» **Exercise objective**
Here the job is to transcribe the data verbatim while leaving each picture out.

» **Data segment**
"""

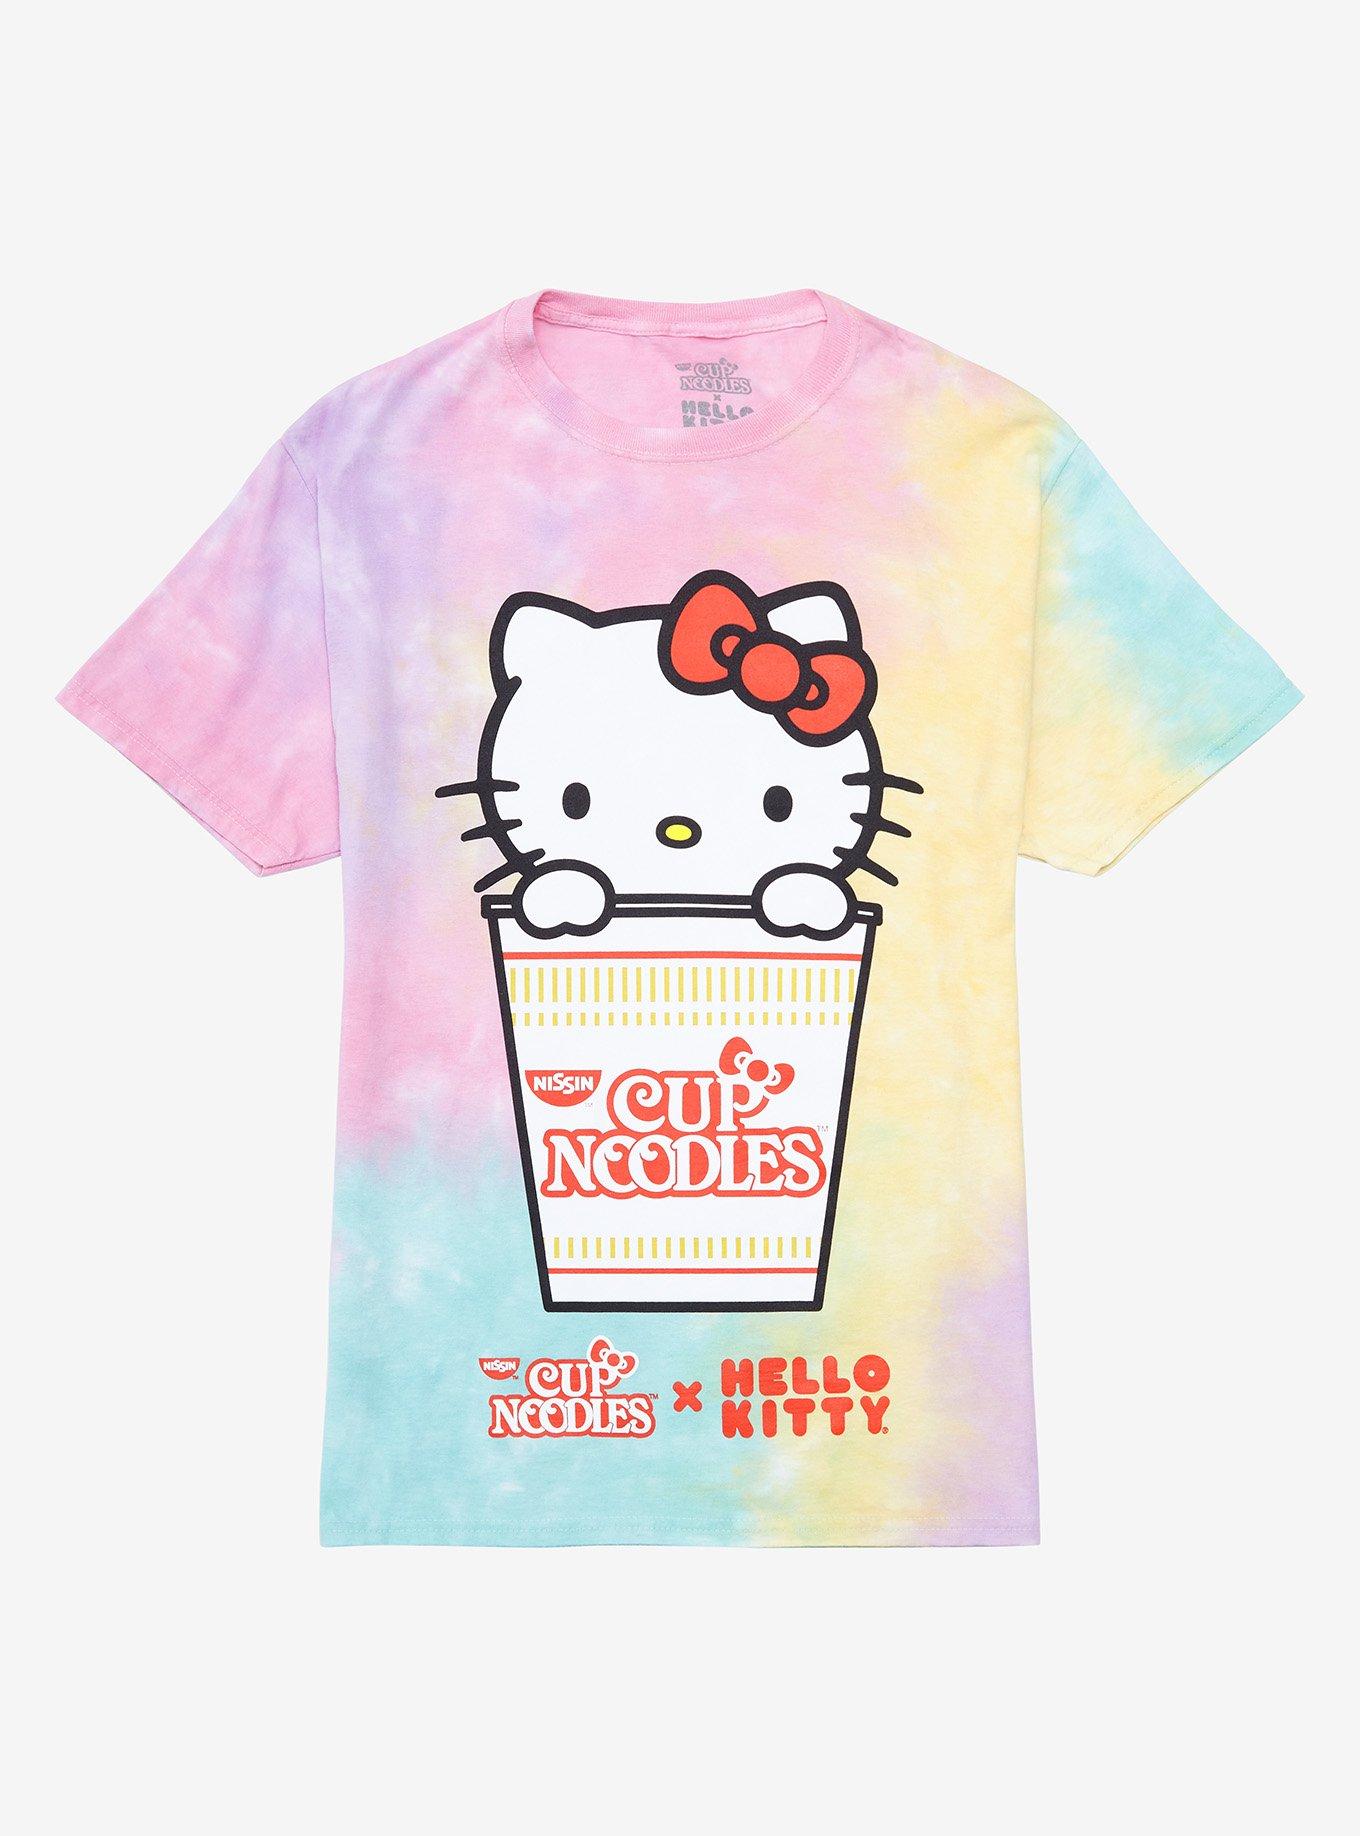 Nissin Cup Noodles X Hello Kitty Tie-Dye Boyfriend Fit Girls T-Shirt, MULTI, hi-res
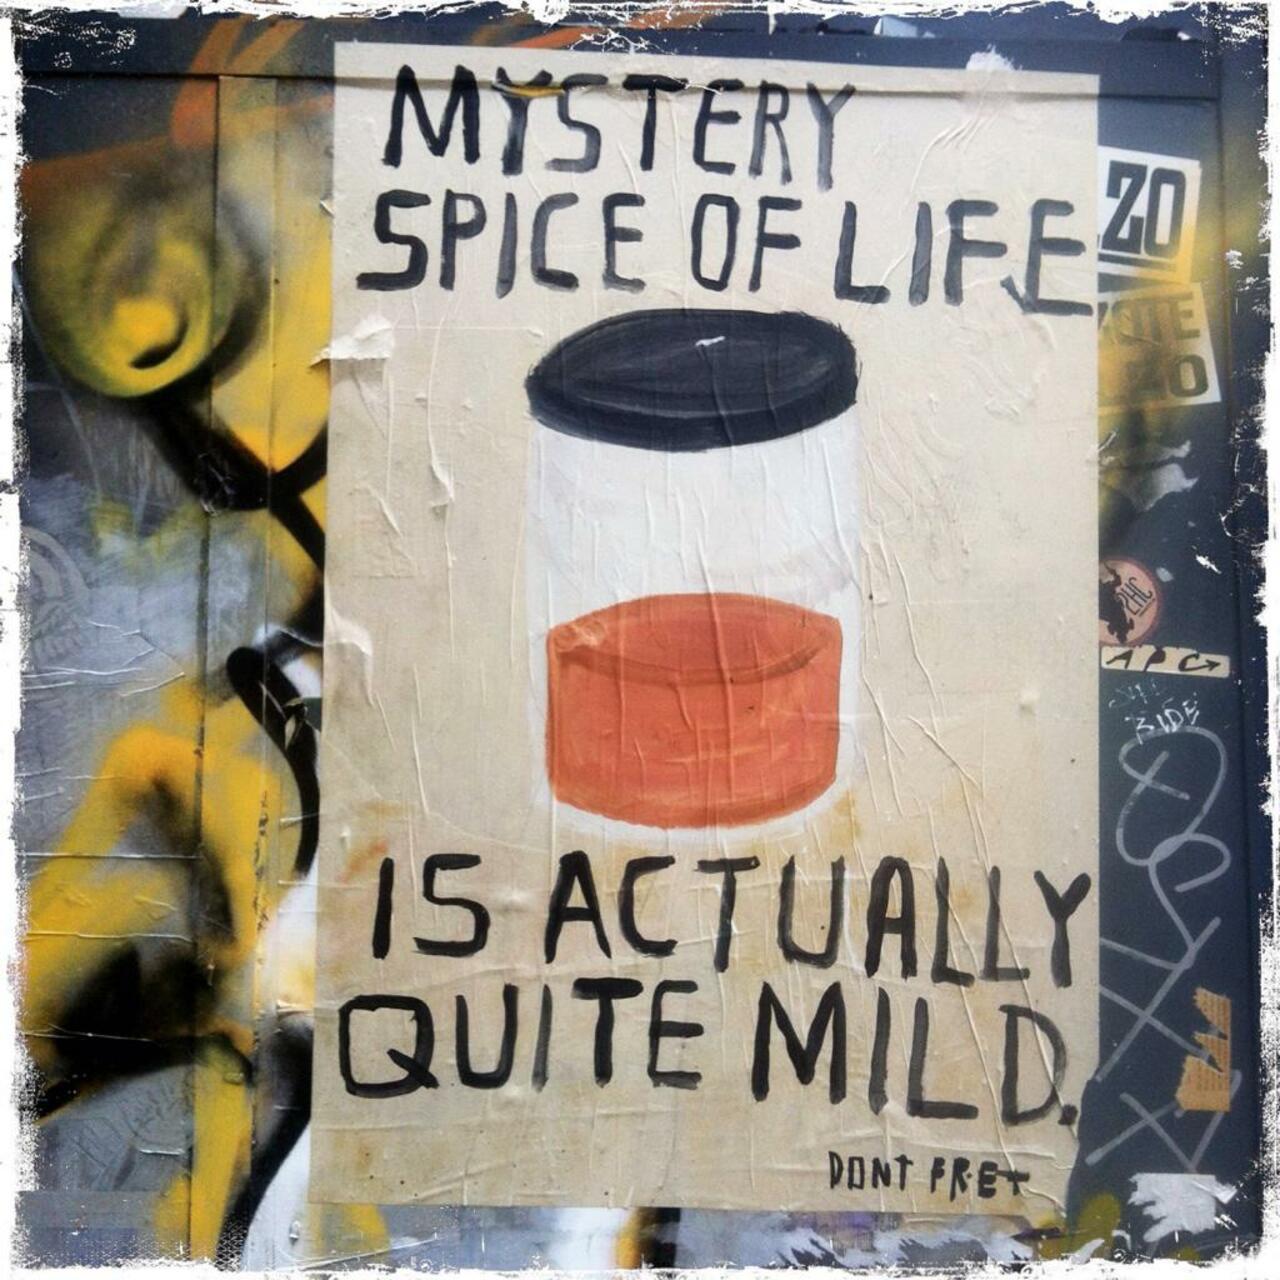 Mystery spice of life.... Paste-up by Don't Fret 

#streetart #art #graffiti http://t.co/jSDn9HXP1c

"""

» **The completed task**
 Nissin Cup Noodles X Hello Kitty Tie-Dye Boyfriend Fit Girls T-Shirt, MULTI, hi-res
 Mystery spice of life.... Paste-up by Don't Fret 

#streetart #art #graffiti http://t.co/jSDn9HXP1c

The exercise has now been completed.